Düşünüyorum ve tam o esnada bir ses yükseliyor kürsüden:

“CHP olarak adam yeme makinesi olduk”

Belki de kongre boyunca işittiğim tek; diğer yandan tartışmasız en sert öz eleştiri cümlesi bu oluyor.

Bu ülkenin en yetkin, en aklı selim, en yakışan, en profesör Gençlik ve Spor Bakanı ben olurum diye devam edince kürsüdeki iştahım kaçıyor, azıcık heyecanlanırken hevesim törpüleniveriyor.

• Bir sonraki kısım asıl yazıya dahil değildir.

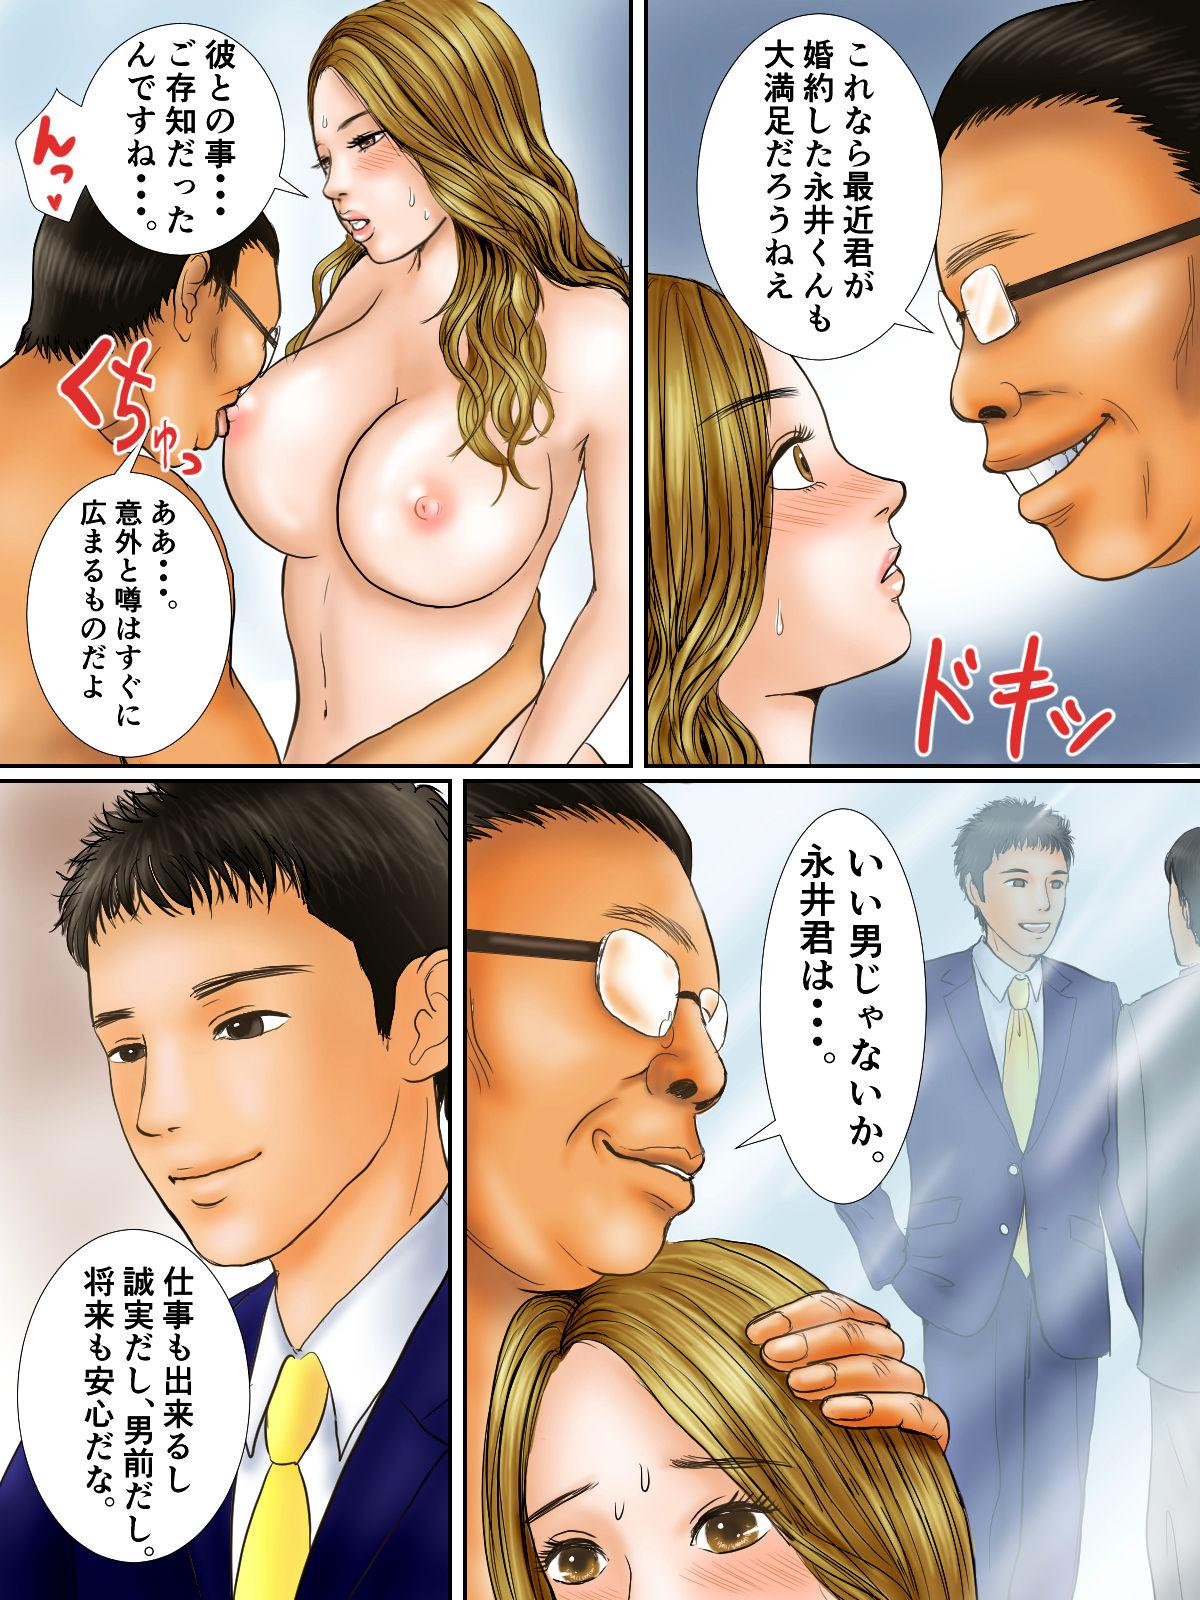 Yuumei Kigyou no Jittai 23

Dayanamıyorum, bu hale daha fazla katlanamıyorum, gözlerim yaşarıyor…

Anlıyorum ki dışarıdan kongre salonuna kaçan sigara dumanından göz pınarlarım yaşarmaya yer arıyor.

Davulcular hala heyecanlı, şu kongre bir bitse de ‘cukka’ları indirsek diye bir heyecan var merdivenlerde.

Kimsesizler Başkanı Hasan Yıldız Kılıçdaroğlu’nu gördüm diye halüsinasyonlar gördüğünü anlatıyor CHP’li arkadaşlarına.

Merdivenleri iniyorum, tüm bu ritüel başımı döndürüyor.

Bu heyecansız güruh enerjimi alıyor, sonunda tekrar brandanın altına gelebiliyorum. Artık çıkmaya hazırım.

Hazırım ama ekşın peşimi bırakmıyor ki!

Sigarasını Büyükşehir Belediye binasına doğru içen bir grup yaşlı kurt dikkatimi çekiyor. Konuşuyorlar, amiyane tabirle ‘vura vur’ gidiyorlar.

İçlerinden kasketli olanı vurucu cümleyi ağzından çıkarıyor, Nirvana’ya ulaşıyorum:

“Şu Büyükşehir de kendisini bir yenileyemedi be!”

Dumanlar Büyükşehir’in kendisini yenileyememesi adına akciğerlere gönderilirken, CHP’nin sorununu gördüğüm ve yaşadıklarımla analiz edebilmenin mutluluğunu yaşıyorum.

Eskimiş yüzler, eskimiş düzen, basmakalıp, yıllanmış bir anlayış, yenilenememeye sövüyor!

Artık oradan mutlu bir şekilde ayrılabilirim.

Dumansız hava sahasına gelince Teoman’ın şu dizeleri aklıma geliyor:

“Bak hayatına, dinmiyor sızın

Her yarışta, her varışta”

Ne diyelim; Behey böyle giderse de oynamaya devam edecek yalnızları!